Joan Morgan served as our organization's Vice President. She is very generous and has a great sense of humor. She joined the NYS grassroots lobby effort in 2001. She never stopped except for the two years she spent as a caregiver to her husband, Dr. Dan Morgan, who joined us to lobby several times. Both she and Dan had previous experience, Joan because she was a negotiator for the NYS nurses union. She never gave up and continued to volunteer in helping with making meeting appointments and lobby packets. She believed strongly in the cause and showed it with her generosity.

Lack of medical history first motivated Joan to advocate and lobby for open records. Like many other adoptees, she was subjected to invasive medical procedures when she was treated for breast cancer and lymphoma. These bothered her very much and made her even more determined to see the old law changed. However, before it did change, she was able to get answers to her questions about the ancestry of her birth family and medical history, and was able to reunite with her sister.

There were many cases of cancer and breast cancer in her family. Despite her health conditions, Joan remained a dedicated UI lobby team member.


ELLEN ESSIG

Ellen Essig is an adoptee, attorney and legal advisor for us. She was a dedicated lobbyist, adept at speaking up for the rights of adoptees and providing legal advice. She was a big asset to our lobby team and remains on our Board of Directors. Ellen was reunited with her birth siblings through DNA testing.


CAROLE L. WHITEHEAD

Legislative Liaison for Unsealed Initiative and wife/mother/grandmother. Adoption reform activist, graduated college at the age of 44 with a career as a paralegal and now a certified tumor registrar.
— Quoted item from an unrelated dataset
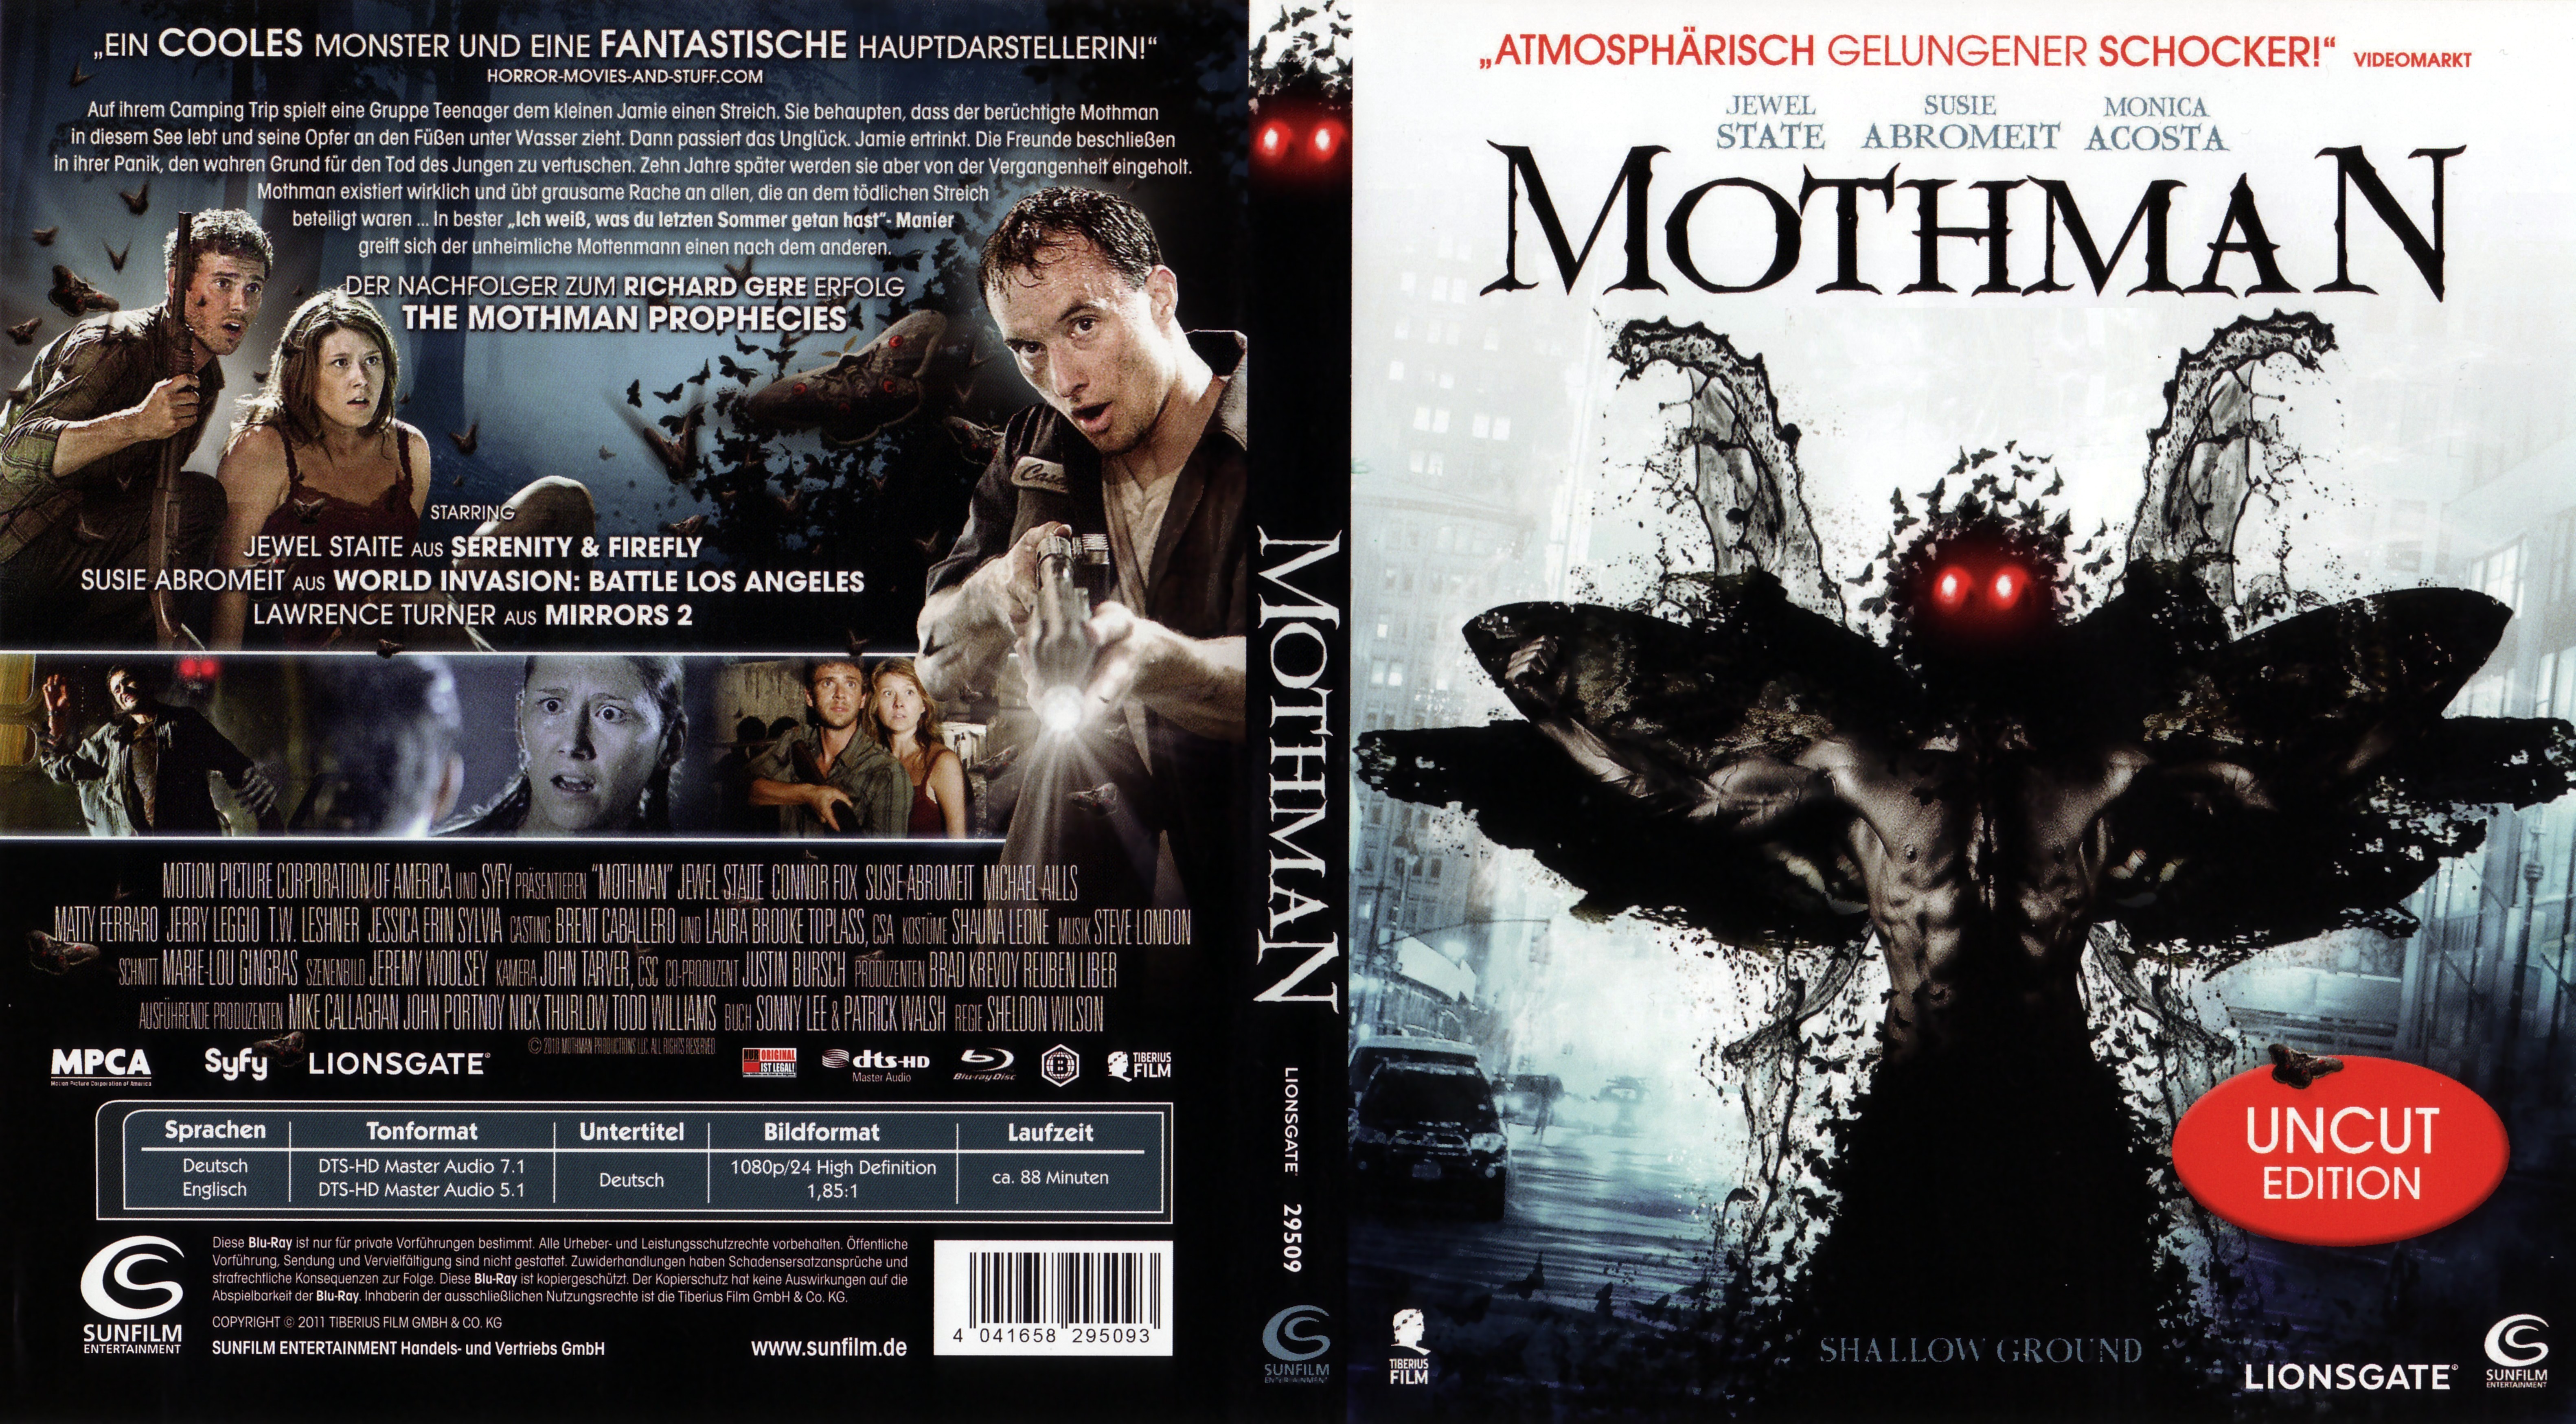 Jaquette DVD Mothman Zone 1 (BLU-RAY)

Has openly worked for open records by meeting with legislators, appearing on TV, radio, and has had published many letters to the editor. Took part in first March on Washington, D.C. Ran workshops at triad adoption conferences as well as led a support group for birthparents on Long Island for many years. At the age of 18, was sent to an unwed mothers' home on Staten Island. Searched for and has been reunited with her son since 1985. Went to his wedding along with her husband and her other children. He has been to theirs. Helped to reunite many mothers and their surrendered children. Email: CAROLE401@aol.com

What is a birthmother? There are so many misconceptions and variables whenever that word "birthmother" is uttered or spewed forth and with such disdain that the word can actually cause someone to gag. The word connotes fear, as in the fear of the unknown. Ask any adoptee about their unknown birthmother and see the reaction on their faces, a reaction of the unknown ghostly woman/girl/child who gave birth to them and then tossed them away with the trash. The adoptive parents fear the birthmother as well. See them cringe when their adopted children raise the issue of their birthmothers. The birthmother is the person who had to keep the secret so that no one would ever know about her hidden hideous past as society demanded.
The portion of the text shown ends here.